Single-unit recordings in nonhuman primates by teams at Salk Institute and University of California, Berkeley reveal neurons encoding expected value, outcome identity, and relative preference, while human intracranial and scalp electrophysiology from Massachusetts General Hospital and Mayo Clinic show event-related potentials linked to reward prediction errors. Functional MRI meta-analyses performed at Neurosynth and by groups at King's College London and University of Amsterdam show consistent activation in tasks involving economic choice, moral judgment, and social evaluation, often lateralized between right and left sectors. PET studies from Memorial Sloan Kettering Cancer Center and University of Pennsylvania demonstrate neurotransmitter-specific binding alterations, and diffusion MRI studies at Karolinska Institutet map microstructural connectivity changes across development and disease.

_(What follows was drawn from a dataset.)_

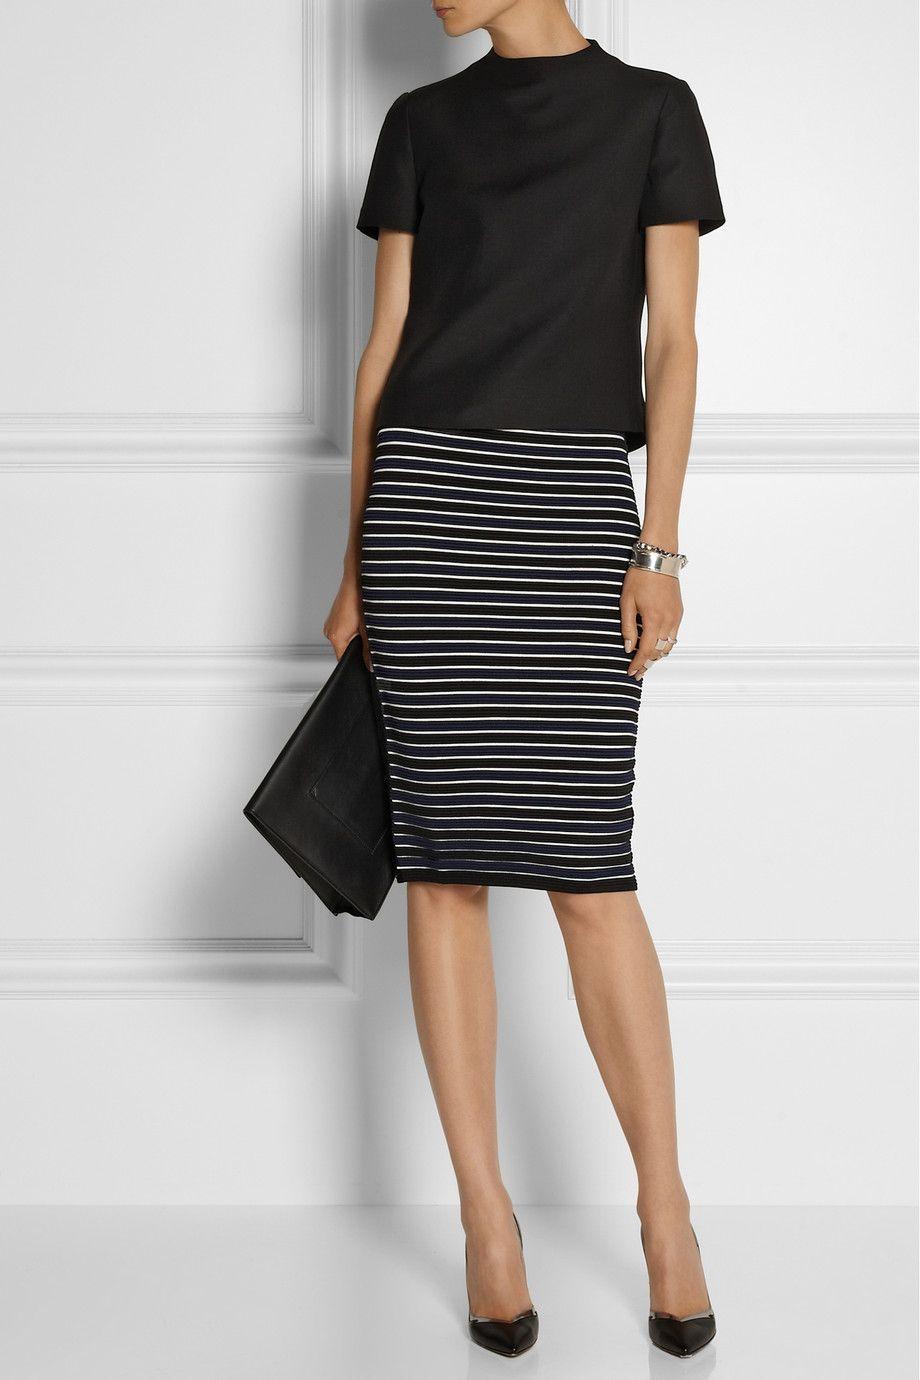 Jonathan Simkhai | Ribbed-knit pencil skirt | NET-A-PORTER ...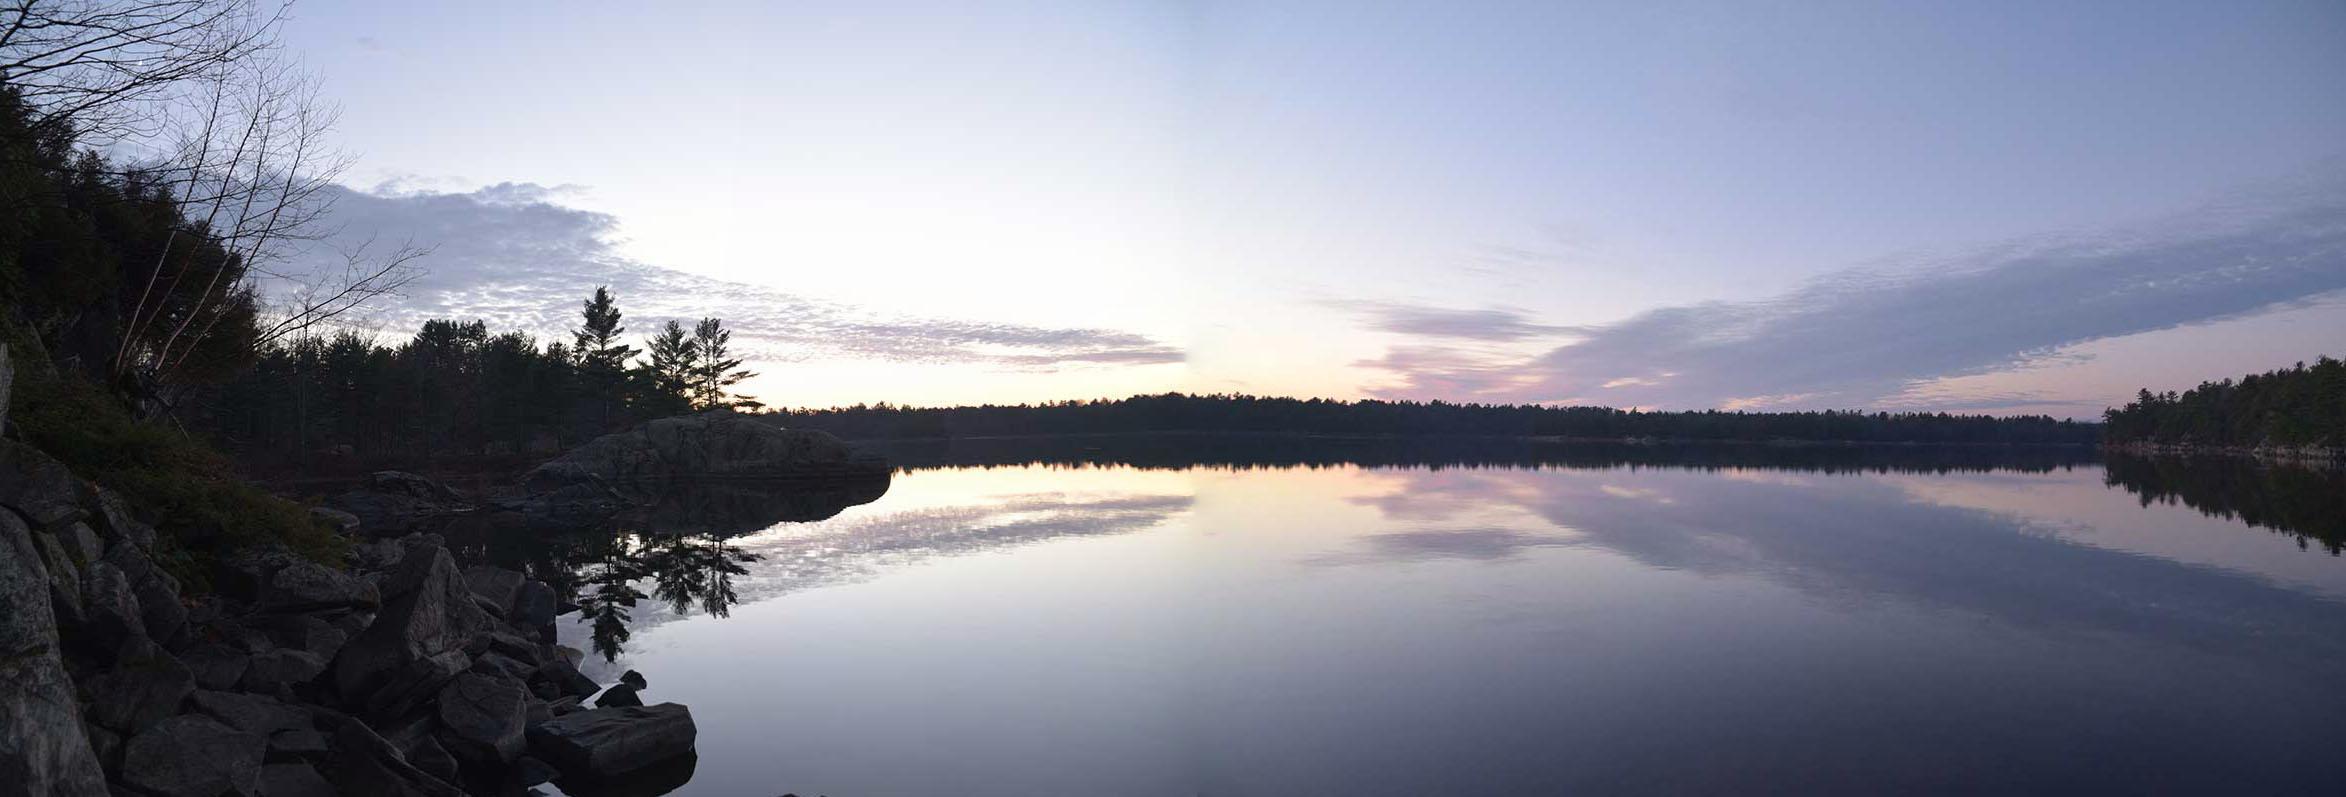 McCrae-Lake-Nov-2015_panorama.jpg

Lesions, stroke, or neurosurgical lesions reported at centers like Cleveland Clinic and Johns Hopkins Hospital produce deficits in decision-making, personality change, and social conduct as typified in classic reports including the Phineas Gage case and series by Antonio Damasio. Dysfunction is implicated in neuropsychiatric conditions studied at National Institute of Mental Health, including major depressive disorder, obsessive-compulsive disorder, bipolar disorder, and substance use disorders, with neuromodulation trials at Mount Sinai Hospital, Mayo Clinic, and University of California, Los Angeles evaluating transcranial magnetic stimulation and deep brain stimulation targeting connected networks. Neurodegenerative diseases such as frontotemporal dementia exhibit atrophy patterns reported by Alzheimer's Disease Research Centers and memory clinics at Johns Hopkins University School of Medicine.
Rodent lesion, chemogenetic, and optogenetic experiments from laboratories at Cold Spring Harbor Laboratory, MIT McGovern Institute, and University of Oxford dissect circuit-specific contributions to reward and social behavior, while tract-tracing and viral-genetic mapping in nonhuman primates performed at Primate Research Centers and institutions like Yerkes National Primate Research Center reveal conserved inputs and outputs. Behavioral paradigms including outcome devaluation, reversal learning, and Pavlovian-instrumental transfer used by groups at University of Cambridge and University College London link cellular physiology to choice behavior. Computational and systems neuroscience collaborations between Blue Brain Project researchers and teams at École Polytechnique Fédérale de Lausanne integrate multi-scale data to simulate ventral prefrontal dynamics.